Casually riding a penny-farthing around town is always going to be an attention-grabber.
"There was a customer in Sydney who lived alone and he kept to himself a lot and he liked that," says penny-farthing maker Dan Bolwell.
But each morning, the man would head off for a spin, with people starting to notice this gent perched atop his late 1800s-style bicycle.
"They got to know him and his daily ride each morning was a short little ride that felt so social and so interactive and it meant the world for him," says Bolwell, who creates the high-wheel bicycles in his Bacchus Marsh workshop, north-west of Melbourne.
"And then for other people — I do have customers, and I'm in that category as well — the attention becomes overwhelming.
"I would rather go somewhere completely quiet, away from crowds, out in the open road somewhere, and just enjoy the riding."
Bolwell, who believes he is the only professional penny-farthing maker in Australia, has handmade more than 400 custom penny-farthings since he started his business in 2012, sending them as far afield as Belgium, Nepal, Puerto Rico, Borneo and Israel.
Egged on by a customer and fellow penny-farthing enthusiast in the UK, he recently set two Guinness World Records: for the world's largest and smallest rideable penny-farthings.
That customer, Neil Laughton, helped seal the deal by riding Bolwell's 282-centimetre-high penny-farthing, dubbed Big Bertha, 100 metres through the streets of London.
Bolwell added 12 steps onto the bicycle so Laughton could climb aboard, and fitted stilts to his feet so he could reach the pedals.
From farmer to self-taught maker
Bolwell helped run his family's farm until he was about 30, when he says a succession issue left him rudderless.
"I left school early, so I didn't have any education or career behind me that I was working on and building, except being on the farm," he says.
But having made his own (more modern) bicycles for many years, and needing flexible work hours to look after his kids, Bolwell decided to give making penny-farthings a go.
"It kind of snowballed from there, and I never imagined where it was going to end up," he says.
In the beginning, it would take the small business owner about a week to produce one.
But he says customers have become used to the idea they can order complex, custom bikes they dream of, such as a penny-farthing with gold-plated handlebars.
"Some bikes might take me up to two months just to make," he says.
Known in the trade as Penny Farthing Dan, Bolwell says most people are intrigued by the size of a penny-farthing's front wheel.
"They captivate most people.
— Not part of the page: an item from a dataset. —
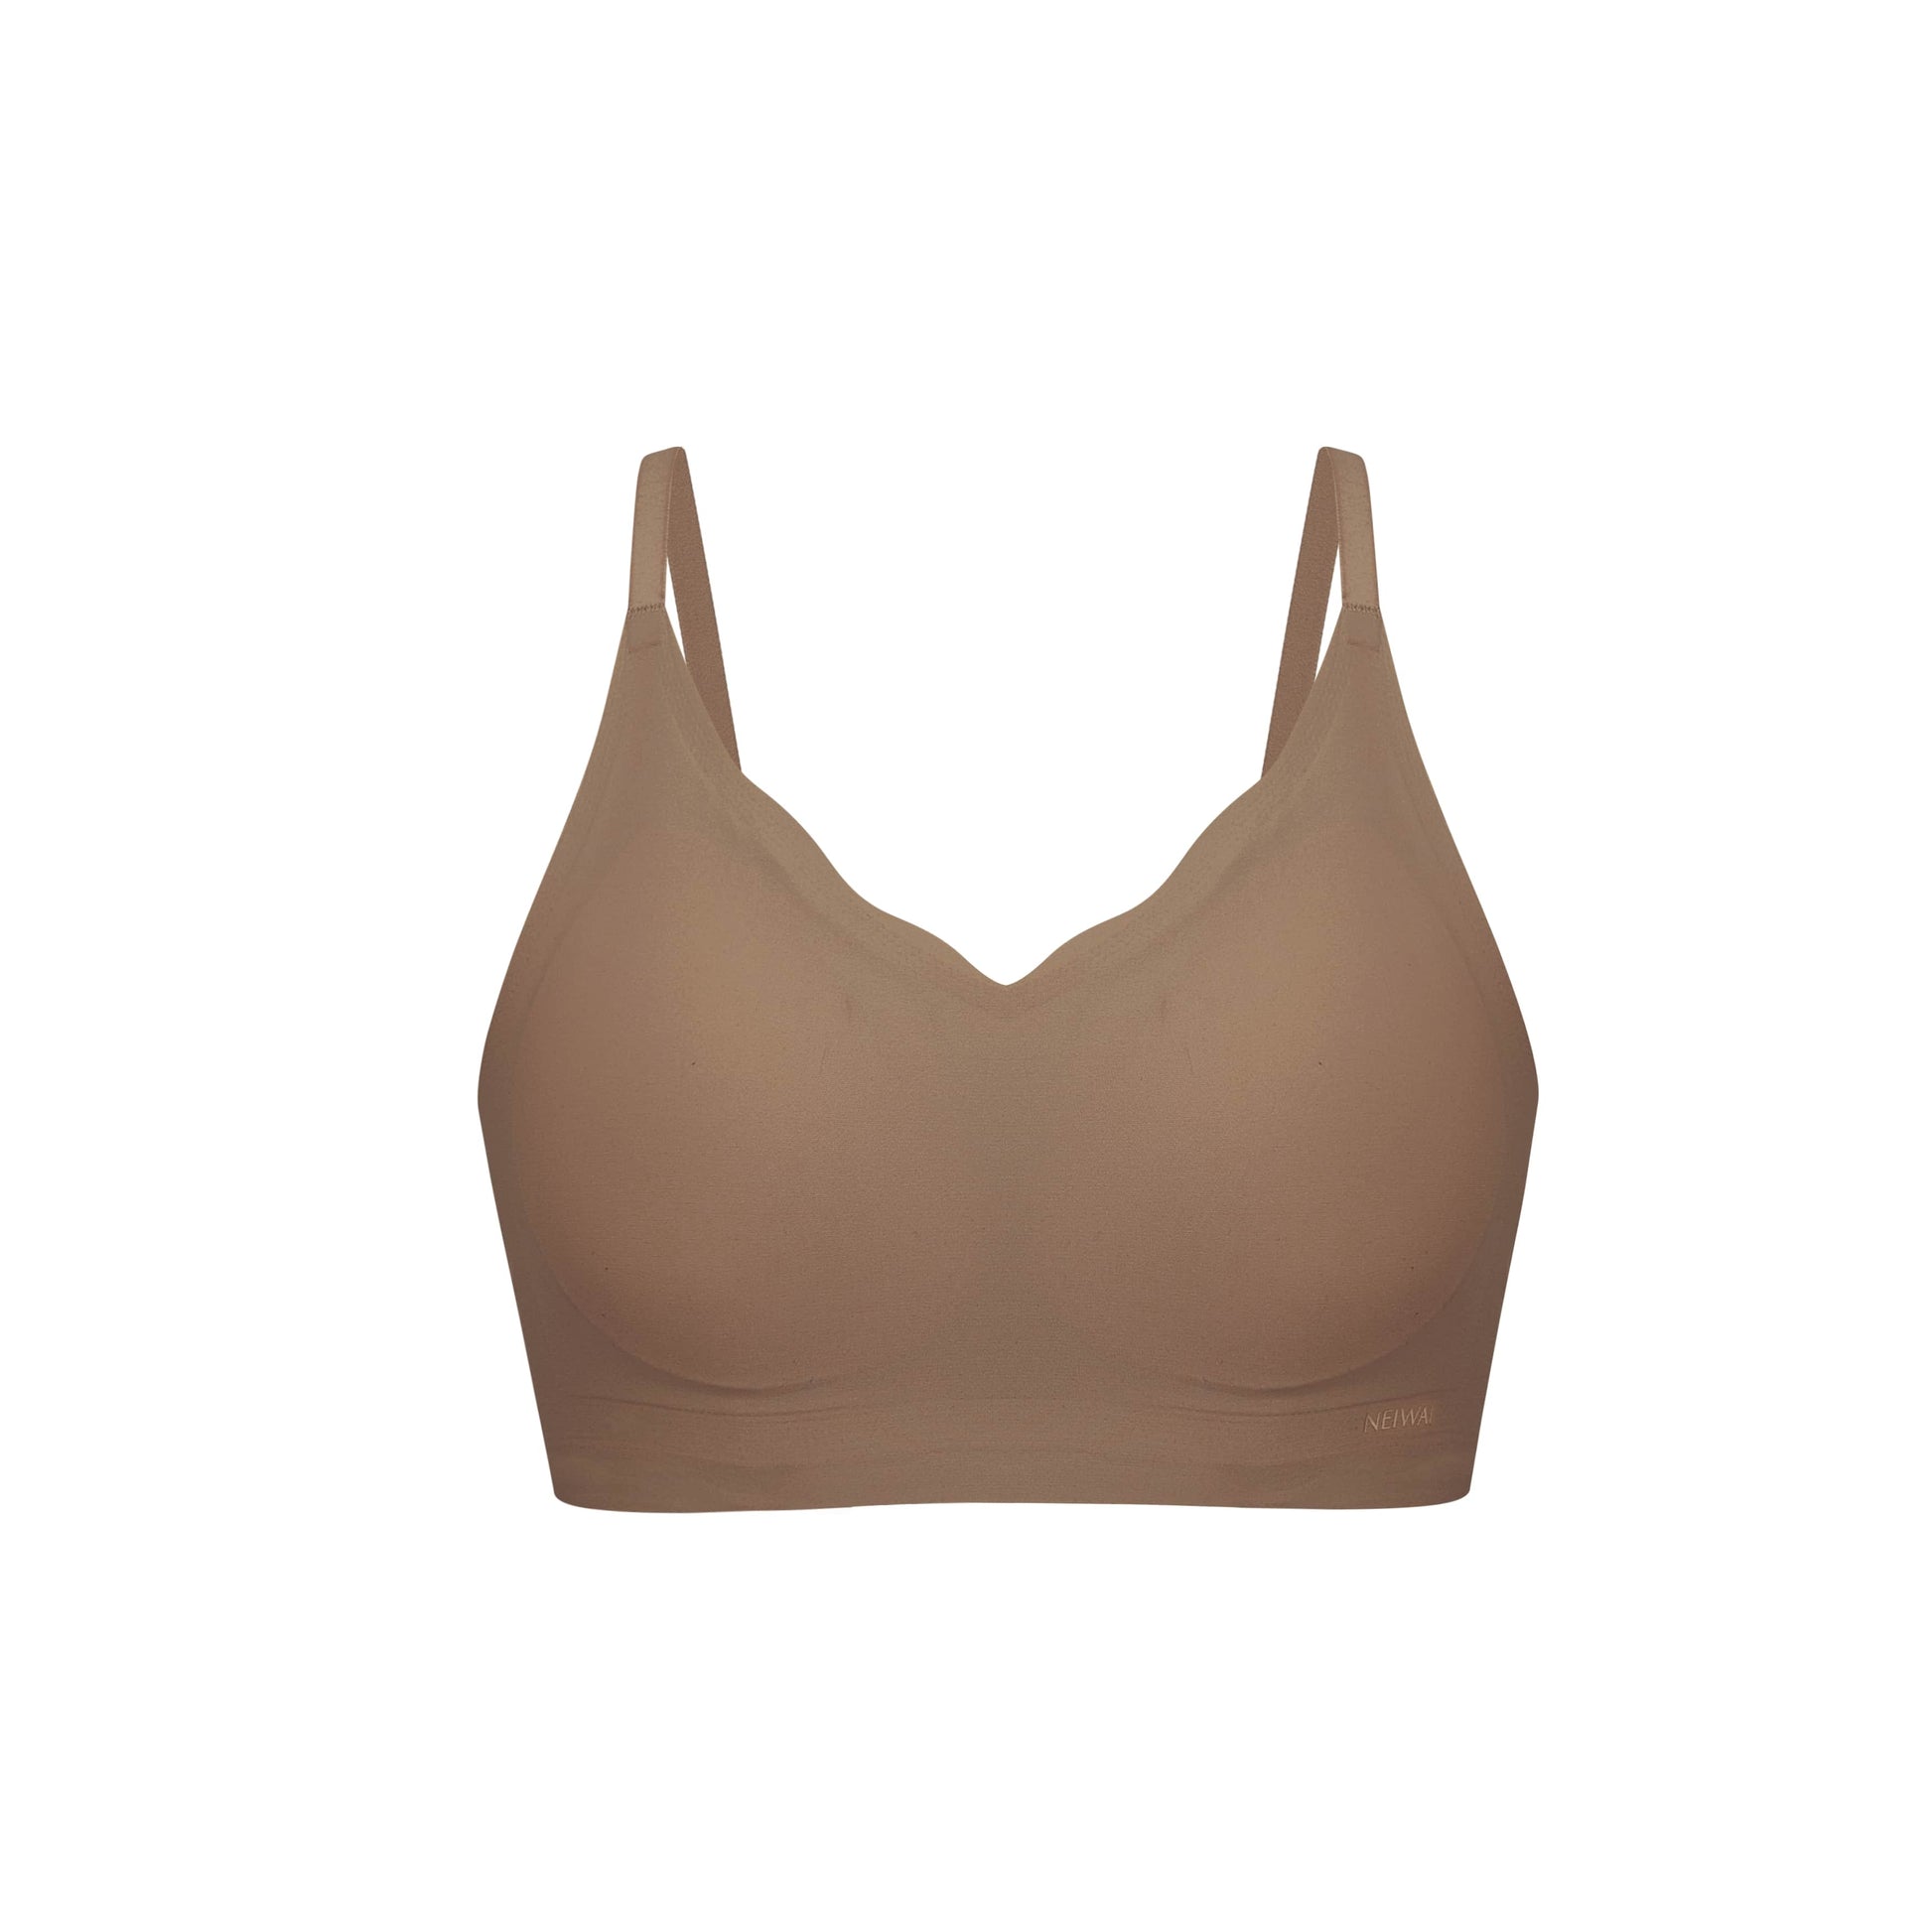 Flat lay image of light brown bra

They create a lot of happiness," he says.
"A lot of people smile, they're so unusual, and what a lot of people see is actually just the big wheel."
The evolution of the bicycle
Penny-farthings, popular in the 1870s and 1880s, were originally just called bicycles.
Later, when easier-to-ride bicycles emerged, the penny-farthings became known as "ordinary bicycles".
Even later, they were almost mockingly dubbed penny-farthings — based somewhat inaccurately on the size of the two coins they are named after, Bolwell says.
Bolwell says the penny-farthing was really a culmination of different inventions, such as rims, spokes, hubs and ball bearings, coming together.
"Then engineering got to a point where they could make a chain and sprockets light enough and fine enough to then make gearing, which was the end of the penny-farthing," he says.
"In 1890, the modern bike that we see today was invented — and that's pretty much the same bike."
What captivates Bolwell is the old-fashioned bicycle's ability to go at high speeds over long distances.
On a short sprint, with a rider going full tilt, he has seen penny-farthings travel up to 60 kilometres an hour.
"It's very simply mechanical energy translated into a larger size to create more distance per revolution of the pedal," he says.
"That mechanical simplicity is what's fascinated me and captivated me more than anything else."
How to ride a penny-farthing
What is the biggest mistake first-time riders of the historical bicycles make?
It's the natural inclination to look down, Bolwell says.
And it's not hard to see why, with mounting and dismounting providing a different kind of challenge to more modern two-wheeled vehicles.
"Everybody wants to look at the steps, and then they want to look at the pedals, and then they want to look at the handlebars," notes Bolwell.
"Every time I do a training session, people look down and I say 'look up', and it just smooths right out straight away."
To brake quickly, Bolwell says the trick is to step down on the back step, which loads up the weight on the rear wheel.
Bolwell says those in his community, including his customers, are "interesting" people.
"The common link is they're not normal people," he jokes.
"But like, what is normal?"
While getting around on a sky-high pushie might seem abnormal to a pedestrian in 2026, Bolwell says it is standard behaviour for the enthusiast.
"It's normal to take on adventures. It's normal to try things," he says.